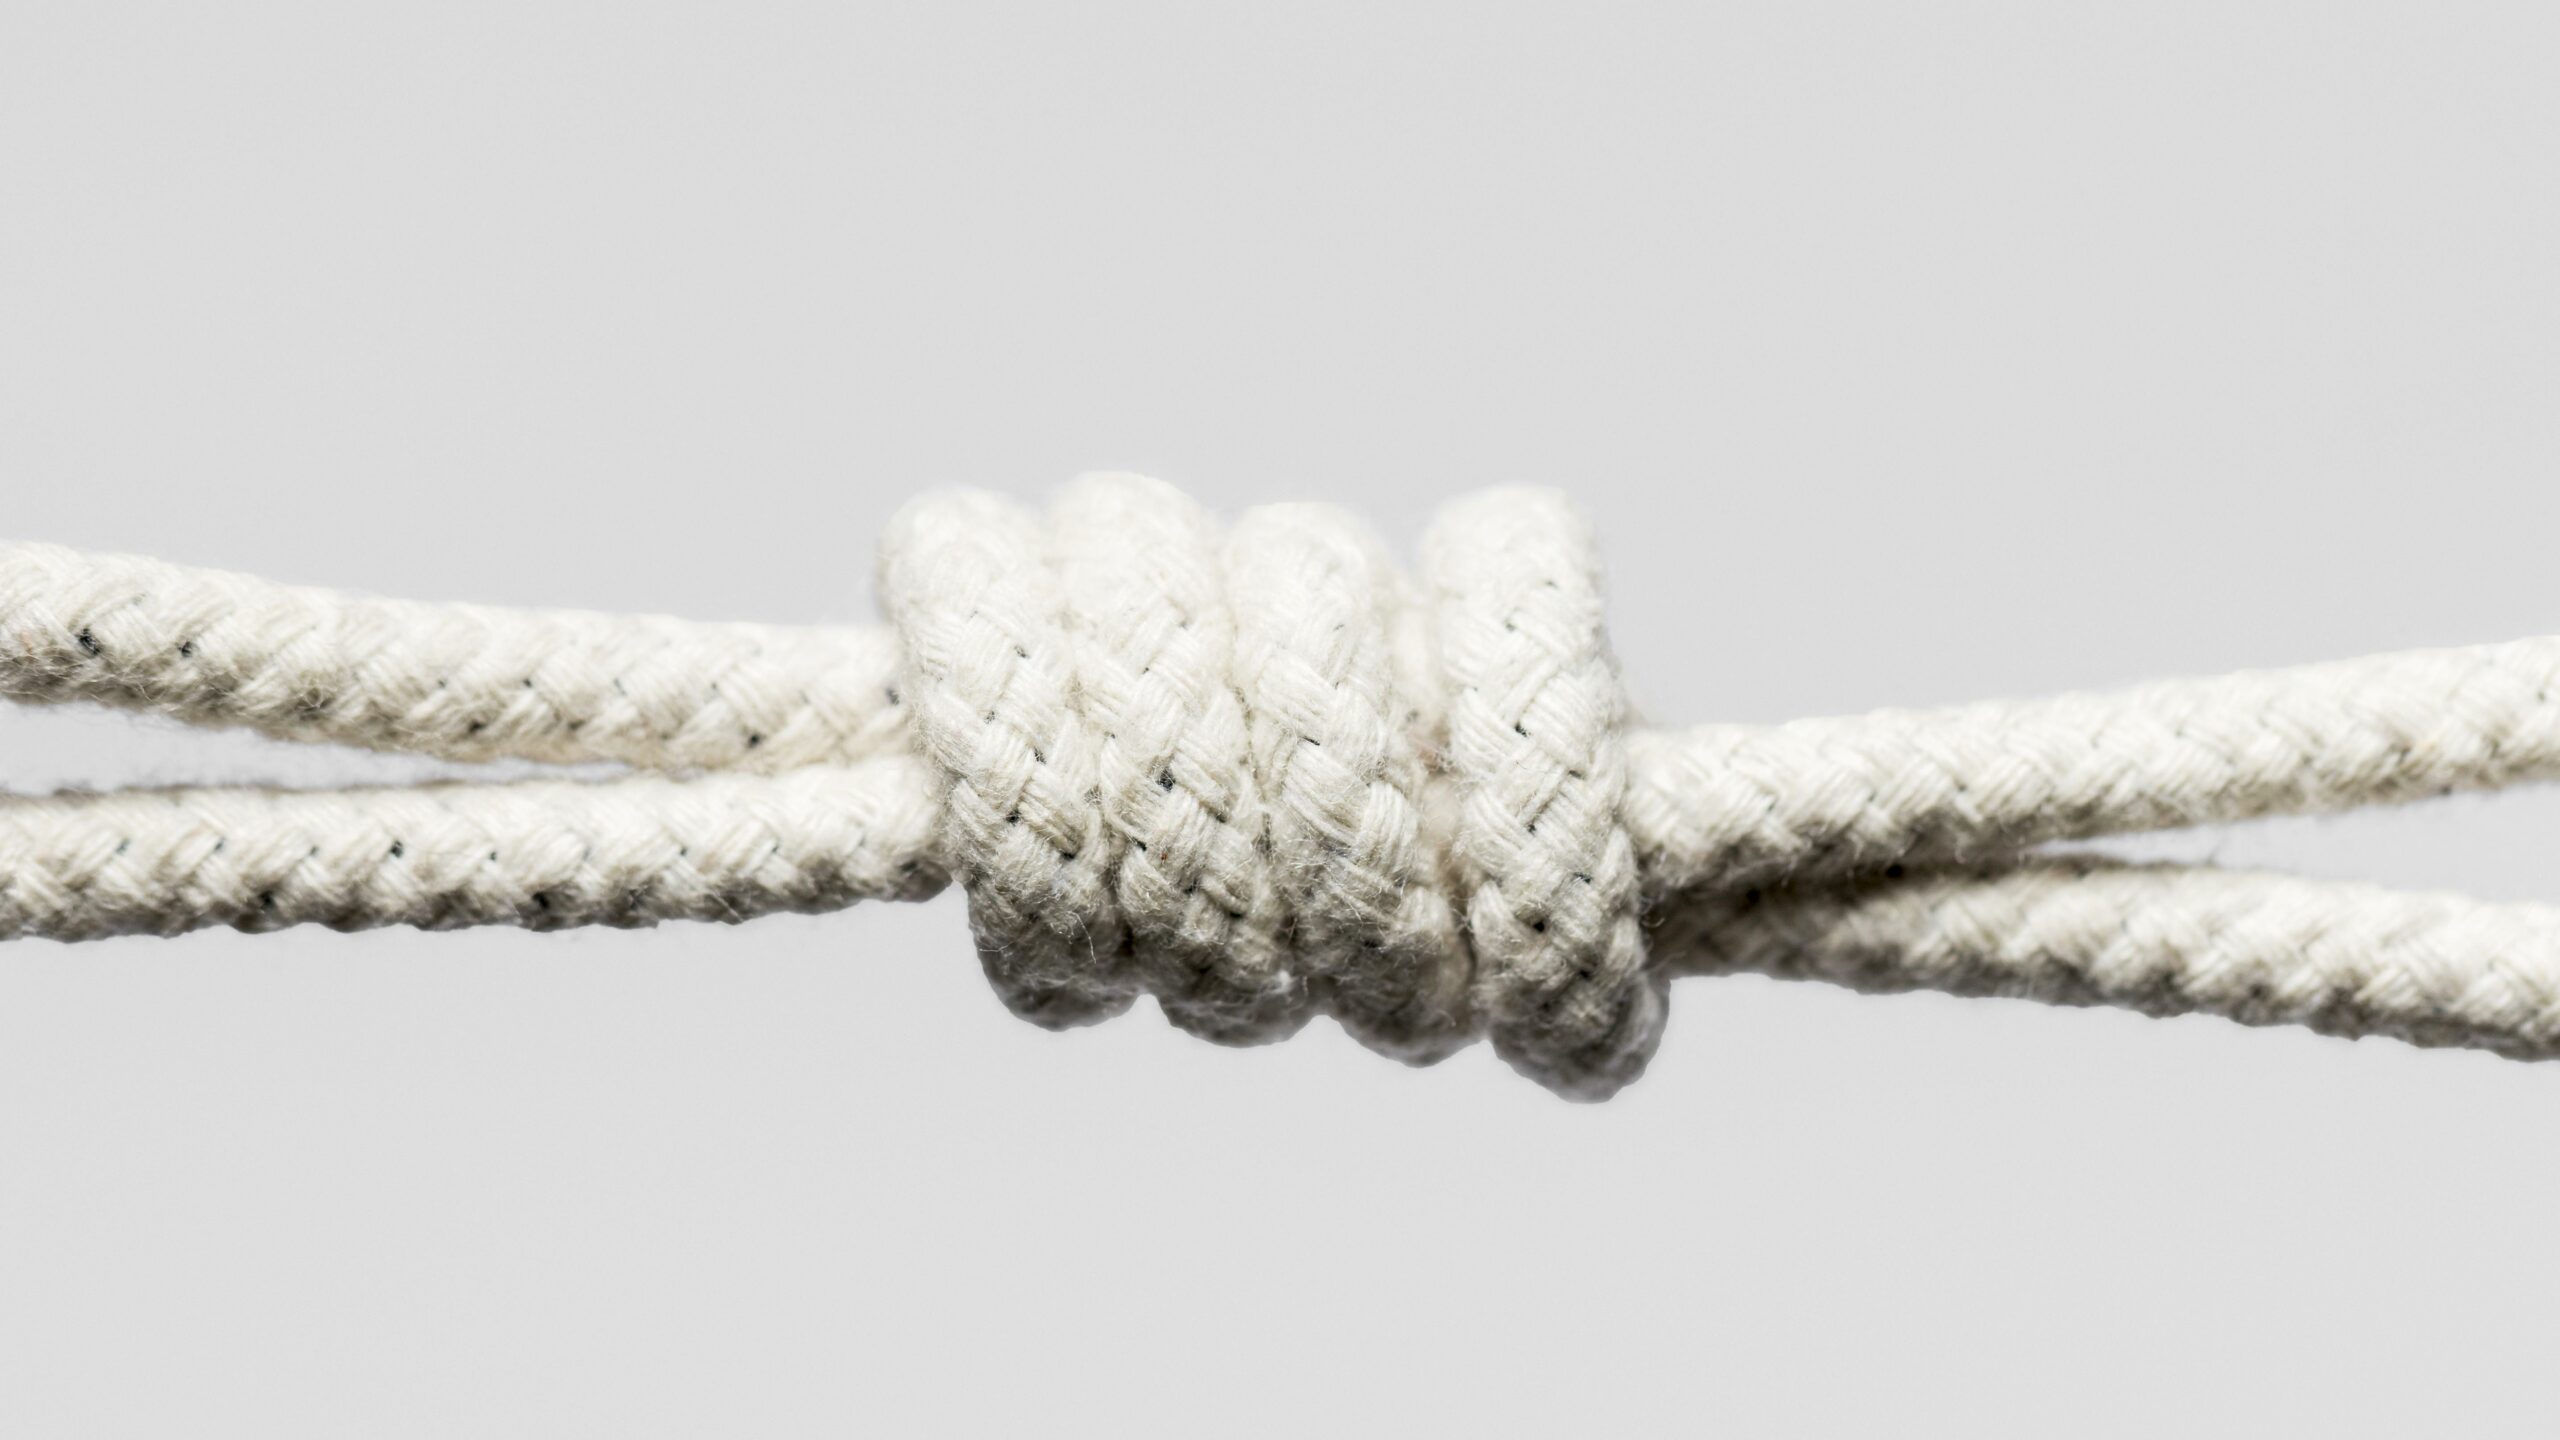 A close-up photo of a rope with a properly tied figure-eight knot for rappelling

==

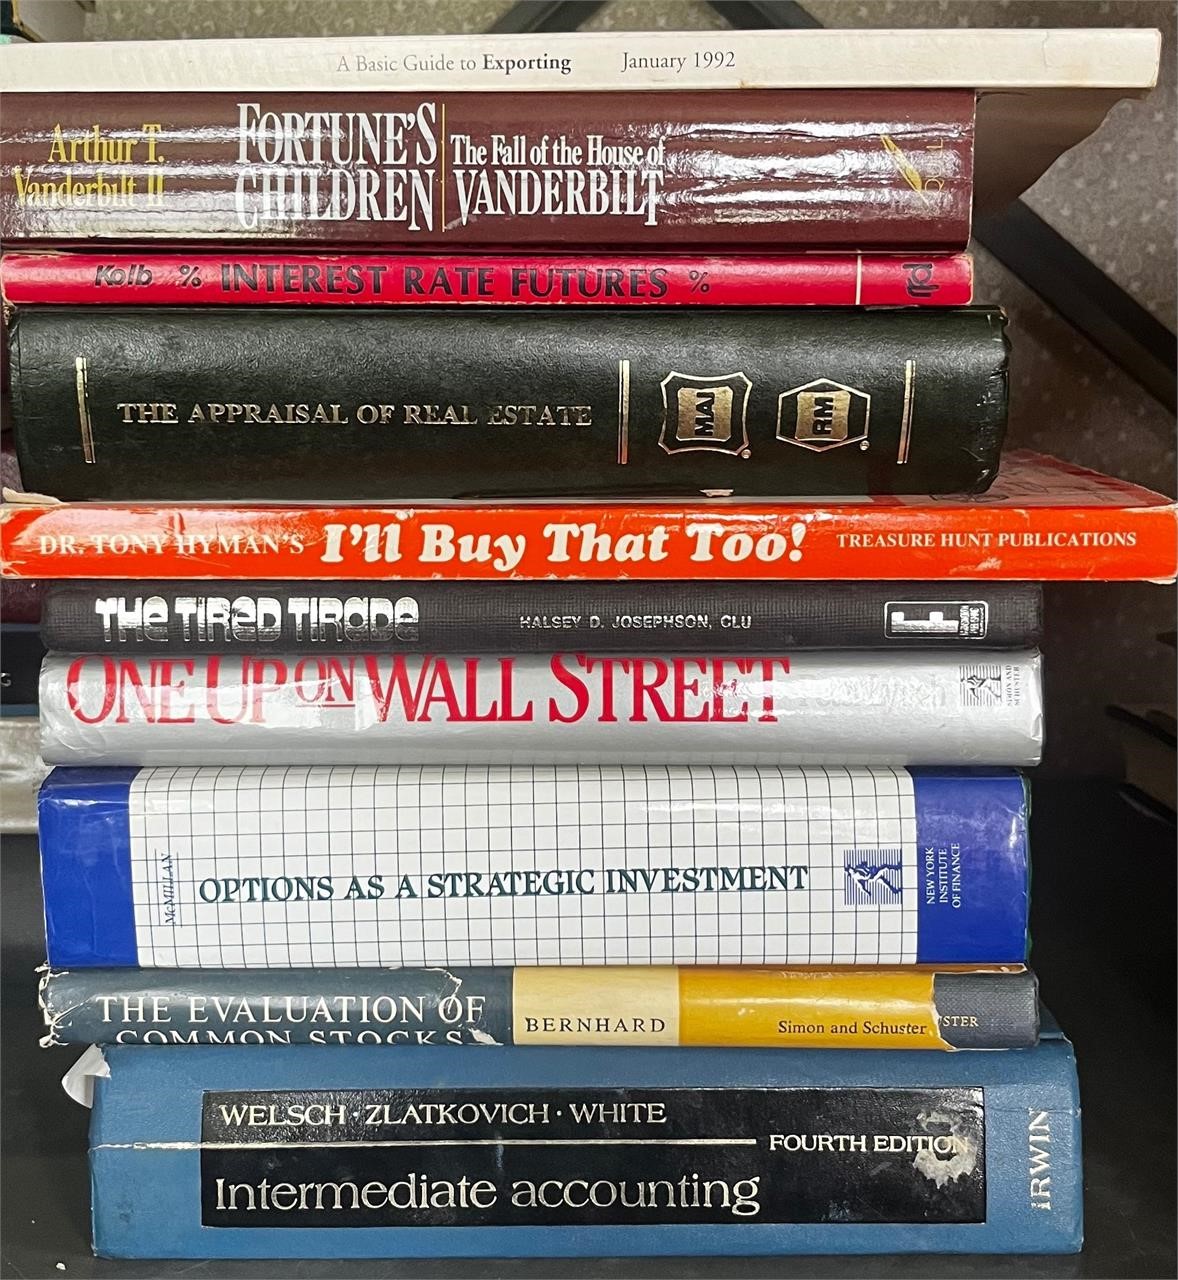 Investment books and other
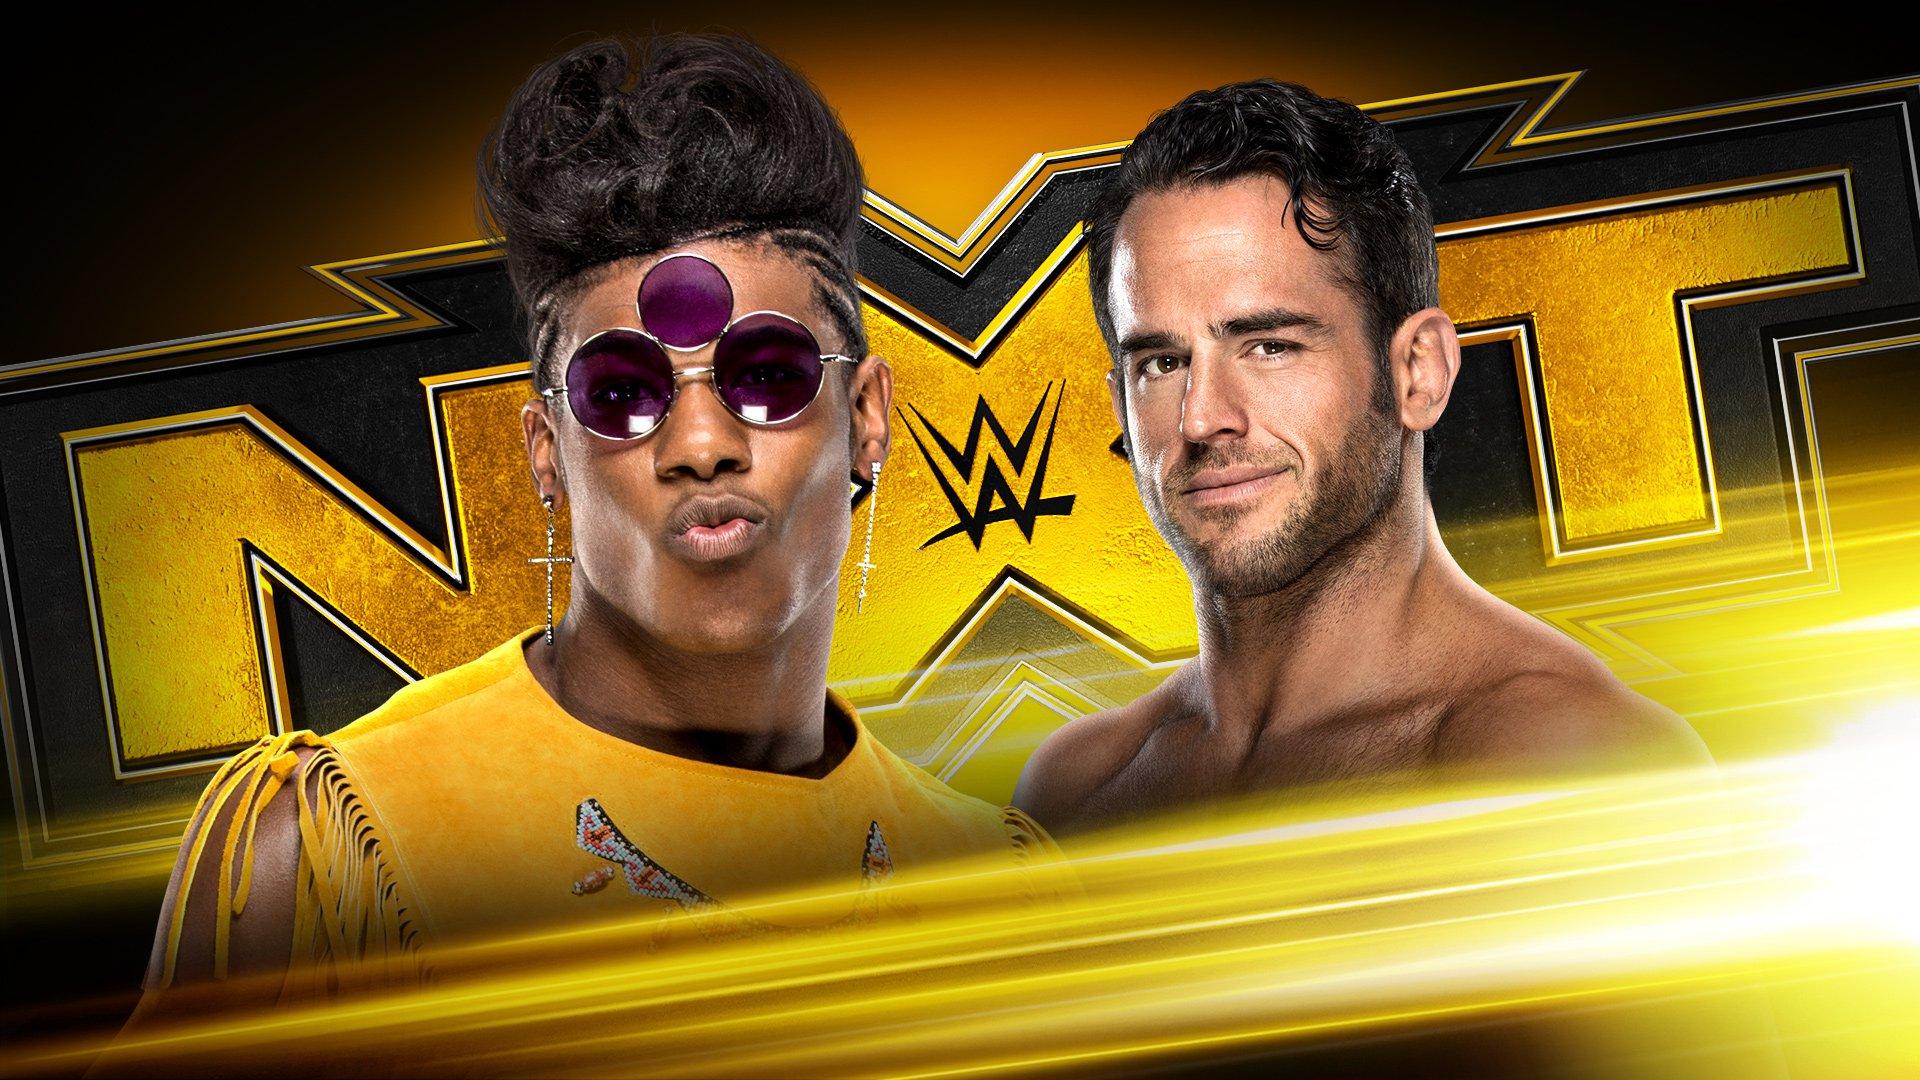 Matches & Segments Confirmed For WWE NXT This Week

**Task objective:** Using the records above, print exactly the lines between the ones containing "Investment books and other" and "Matches & Segments", inclusive, and nothing else; no pictures.

**Result for this task:**
 Investment books and other
 Matches & Segments Confirmed For WWE NXT This Week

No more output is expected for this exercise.